N’y allons pas par quatre chemins, après le précédent effort moyen, Deep Purple avait sans doute besoin de sang neuf pour repartir de plus belle, ce qui permet au quintet, sur cet album au moins, de retrouver de sa superbe. En tout cas la vigueur qui l’animait sur le fameux triptyque est de retour: l’on retrouve ici un groupe véloce, plein de fougue et d’entrain, à l’image de l’introductif Burn, qui est une étincelante ouverture de disque, à l’image d’un Speed King ou d’un Highway Star. Après, une telle mise en bouche, l’on pourrait dire que cet album va subir le syndrome du soufflet au fromage, mais en fait il n’en est rien. Et c’est là que les nouveaux venus vont avoir leur importance.

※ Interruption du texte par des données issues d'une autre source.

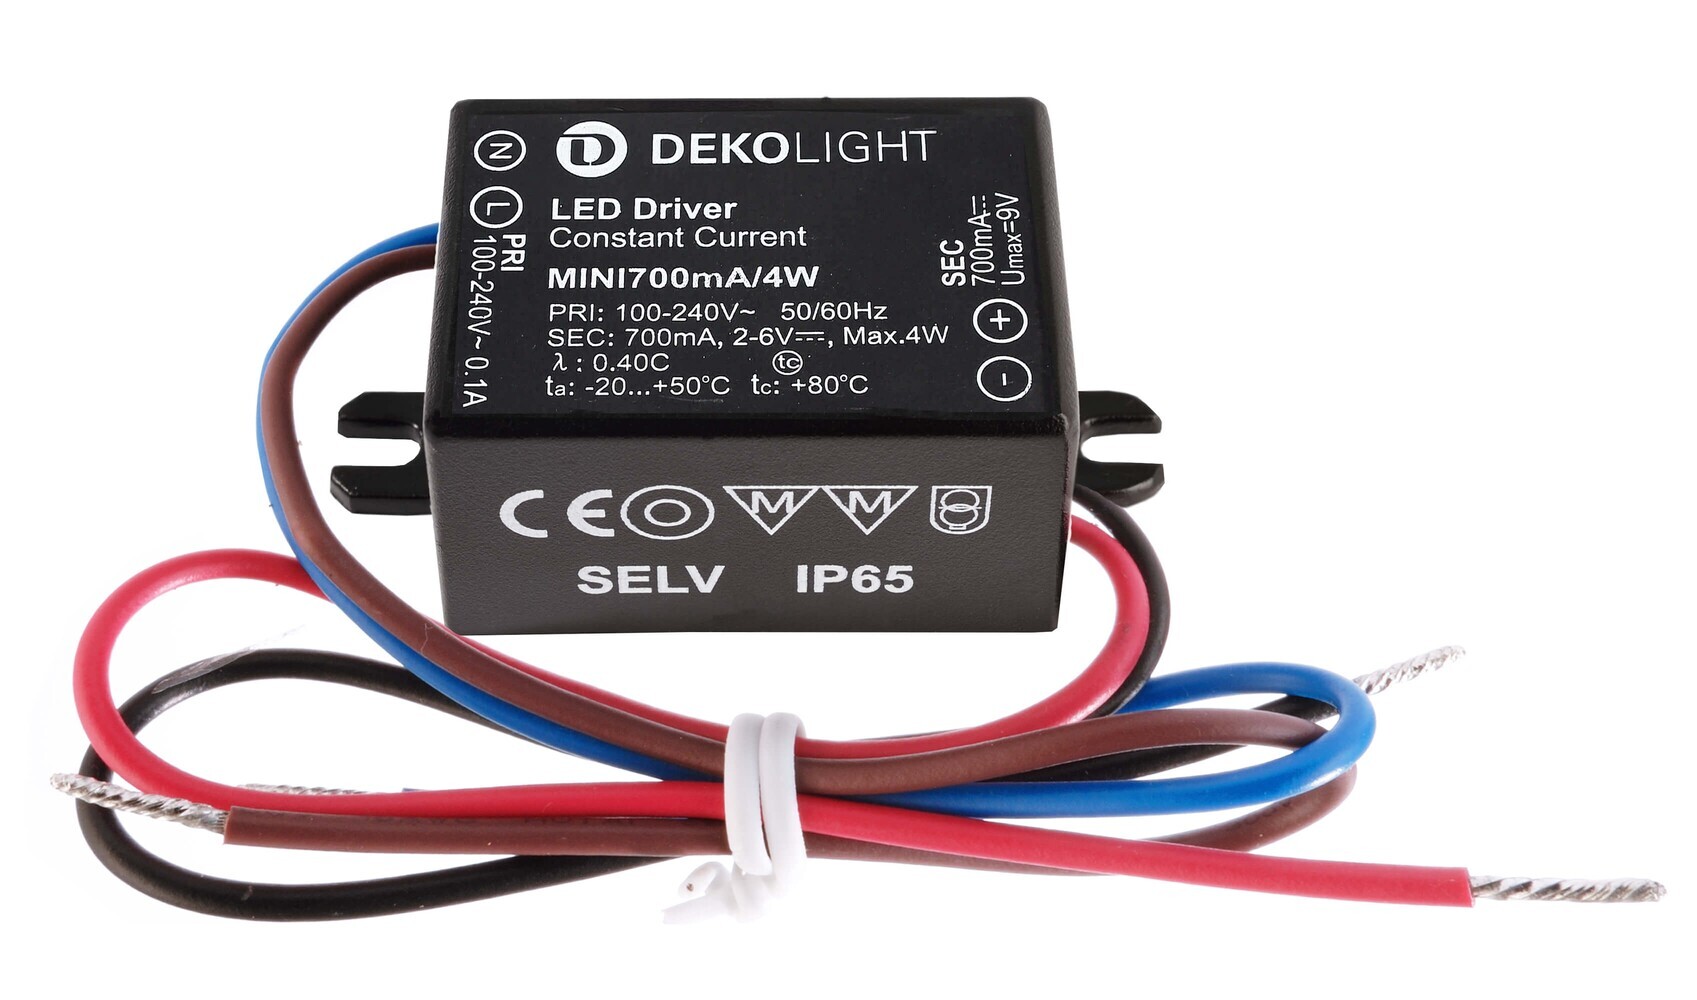 Hochwertiges LED Netzteil von der Marke Deko-Light in einem minimalistischen Design

La venue de Glen Hughes, outre ses qualités de bassiste plus funky que son prédécesseur, a surtout été conditionnée par ses qualités de chanteur: il a en effet un timbre assez particulier, donnant une coloration un peu plus soul à l’ensemble, et qui se marie parfaitement au chant plus classique de David Coverdale, le petit frère bouffi de Robert Plant. Et cette dualité de chant, à part sur Mistreated, va donner une facture assez plaisante à l’ensemble, une formule qui sera repris bien plus tard par quelques formations, je pense notamment à Alice In Chains ou à Isole. L’on perd sans doute en intensité, parce que ce ne sont pas des braillards comme Gillan, là où l’on gagne en mélodies vocales imparables. C’est cette première nouveauté qui rend ce disque très attachant, doté d'ailleurs de compositions bien ficelées.

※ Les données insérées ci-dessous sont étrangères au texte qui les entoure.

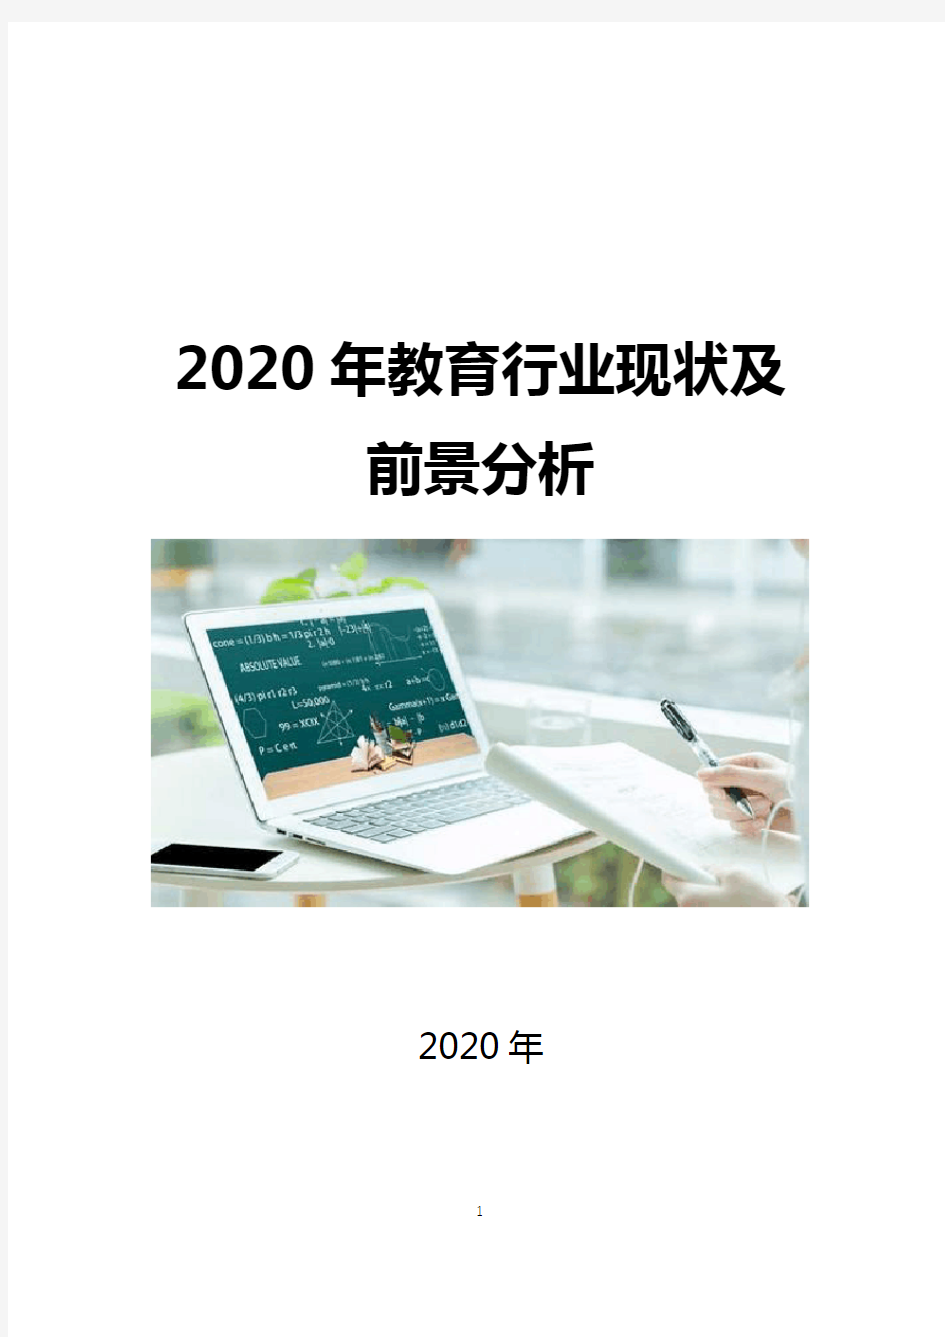 2020年教育行业现状及前景分析

L’autre singularité de ce disque, c’est son côté groovy à souhait, pour ne pas dire funky par instant, comme sur Sail Away et You Fool No One, qui enrichit grandement le hard rock du quintet. Et lorsque l’on a des musiciens talentueux et inspirés comme ici, c’est un vrai régal, Ian Paice étant d’ailleurs celui qui impressionne le plus sur cet album, même si ses acolytes ne sont pas en reste. L’on notera que c’est peut être ici que l’on a la quintessence du jeu de Blackmore au sein de Deep Purple – son aboutissement ce sera avec Rainbow de mon point de vue. Pour autant, malgré ces nouveautés, les anglais n’oublient pas leur fondamentaux, que ce soit avec ce côté rock’n roll de grand papa sur What’s Going On et le blues langoureux qu’est Mistreated.

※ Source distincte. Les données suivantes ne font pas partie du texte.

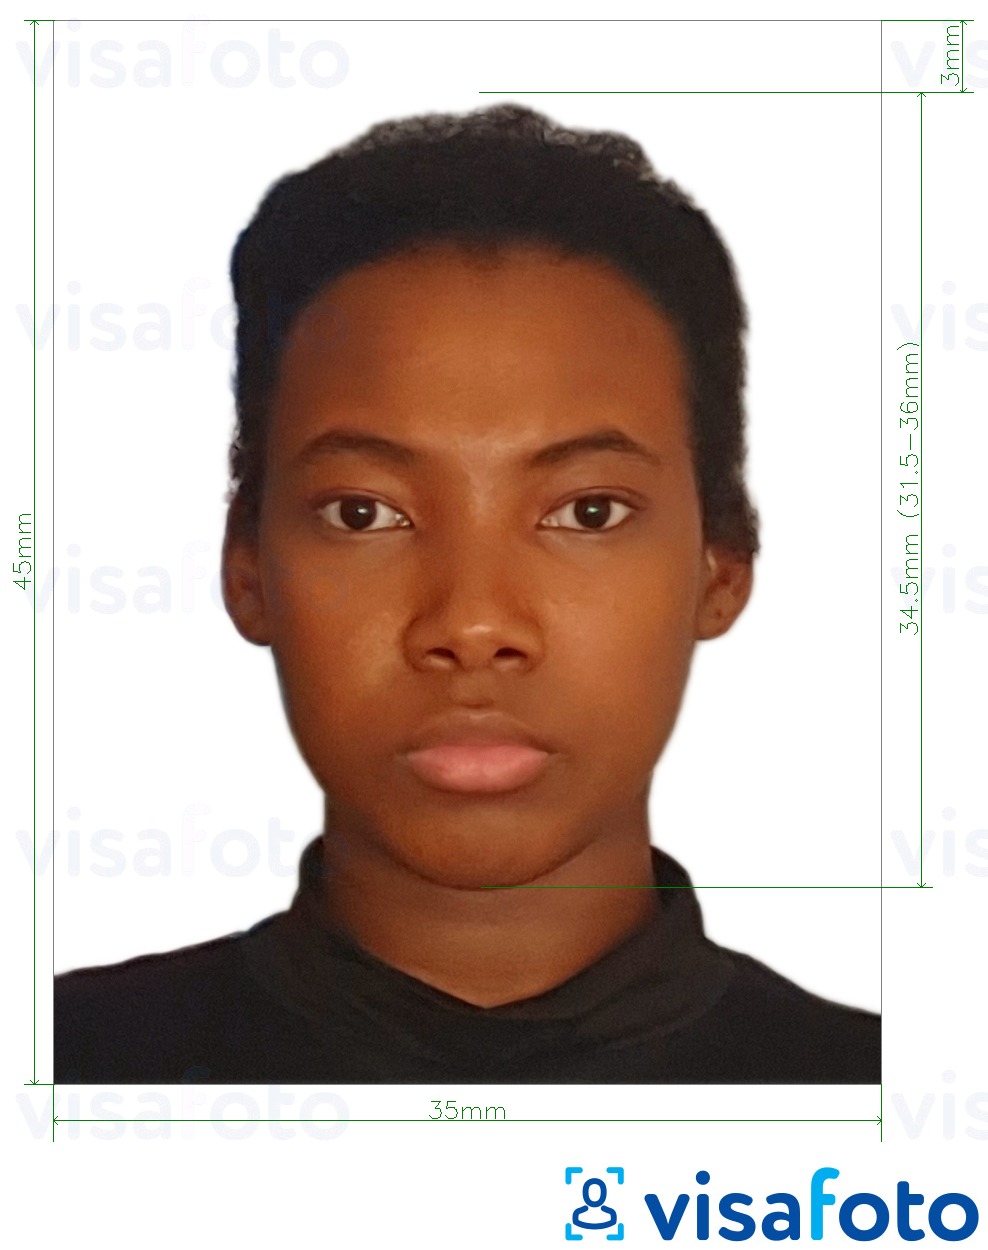 Nuotraukos pavyzdys Nigerijos viza 3.5x4.5 cm (35x45 mm) su tikslaus dydžio specifikacija

Cela nous donne un album assez charnel et bien prenant, pour peu que l’on ne soit pas hermétique à ce genre de prouesses. En tout cas c’est assez direct et enjôleur, et pas prise de tête pour un sou, pour faire effet dès les premières mesures du titre Burn et ne pas vous lâcher par la suite. Ça sent évidemment la testostérone, mais dans le sens sex-appeal plutôt que bad boys, les jeans moules burnes, avec concombre emballé vendu en option, et les chemises ouvertes jusqu’au nombril, mais avec une veste, histoire de faire négligé chic. Oui, c’est le disque du beau gosse prêt à lever de la schnek à tout bout de champs, quitte à la larguer comme une vieille paire de chaussettes dès le lendemain matin. D’ailleurs, ne nous y trompons pas, la pochette est annonciatrice de la suite: le quintet a consumé le reste de sa créativité dans cet album, mais au moins il aura chaussé ses couilles pour nous sortir ce Burn.